Re: A simple question
2003-04-20 11:57:41
At 02:16 PM 4/20/03 -0400, Daniel Senie wrote:
At 01:00 PM 4/20/2003, Richard Carlson wrote:
At 07:20 PM 4/19/03 -0400, Keith Moore wrote:
> | To assign more than one address to every host means the host must
have
> | an intelligent means of deciding which address to use.
>
> Yes, but the amount of intelligence actually needed is pretty minimal.
> (It is actually harder to decide between multiple available global
> prefixes, than to decide between global and site local - the former is
> a difficult problem, the latter is almost trivial).
disagree. the app can choose any global prefix and reasonably expect it to
work,
I completely disagree with this assumption. Firewalls and address
filters mean that no app can make any reasonable assumption. Some
addresses will work and others will fail. The app is left with no clues
as to why the connection failed. Assuming it's just a link failure and
retrying sometime in the future things will work is a receipt for user
frustration.
modulo link failures. but when choosing between a global and a site
local the app needs to know whether the site local address will be valid for
the hosts that need to use it, and it has no way to know this. the app may
also have to choose which interface to use with the site-local prefix,
and it has no good way to know this either.

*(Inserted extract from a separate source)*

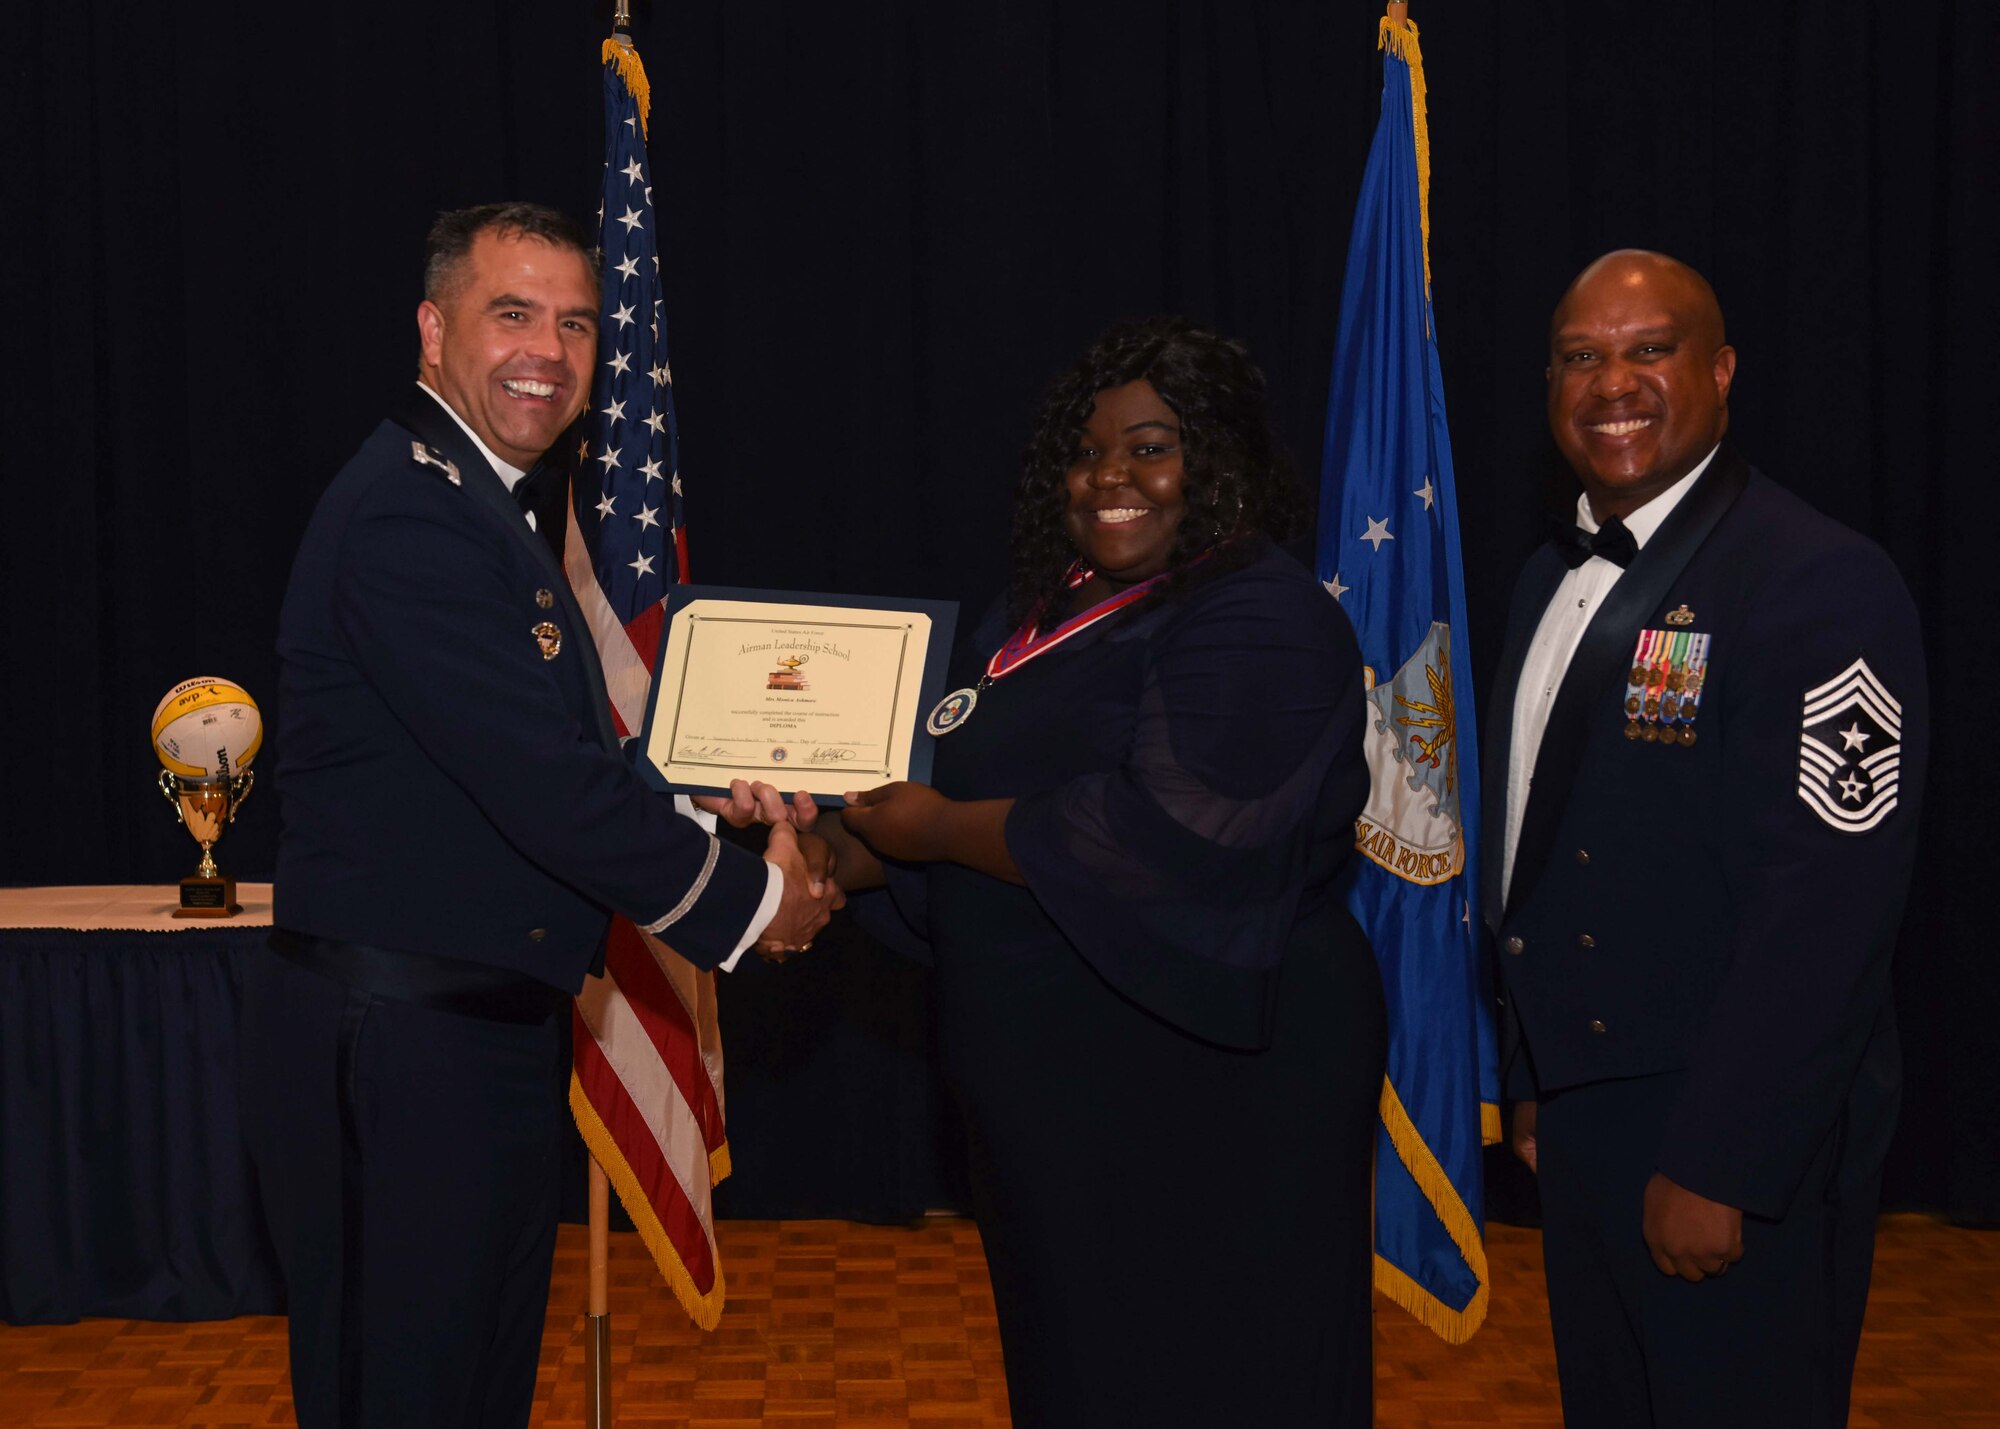 Monica Ashmore, 30th Force Support Squadron lodging assistant manager, receives a certificate during her Airman Leadership School graduation ceremony Oct. 10, 2019, at Vandenberg Air Force Base, Calif. Ashmore is the first civilian to graduate from the Vandenberg Airman Leadership School. The school is a five week course designed to develop Airmen and their civilian counterparts into effective frontline supervisors through group discussion, unit-cohesion activities, physical training and other leadership development curriculum. (U.S. Air Force photo by Airman 1st Class Aubree Milks)

The decision process is not forced on the app/host by the existence of
the site-local prefix. It is due to the emergence of firewalls and
address filters. The reality is that non-global routing scopes exist
today. The question is - how do we provide some feedback to apps that
they are trying to cross a scope boundary that it's a permanent error
condition (5xx in SMTP verbiage)? One proposed notification method is
the site-local prefix. Other methods can be created, but something needs
to be done and simply killing site-locals and ignoring the underlying
scoping issue is a non-starter.
You mean aside from applications understaning that an ICMP Destination
Unreachable / Administratively Prohibited response from the site firewall?
An ICMP message is one way of providing this information. There may be
others, I don't know by folks are free to develop them.
For that matter, IPv6 machines arguably could try their Site Local address
and be given that same feedback from the border router or firewall, and
use the response as an indication to go use their assigned global address.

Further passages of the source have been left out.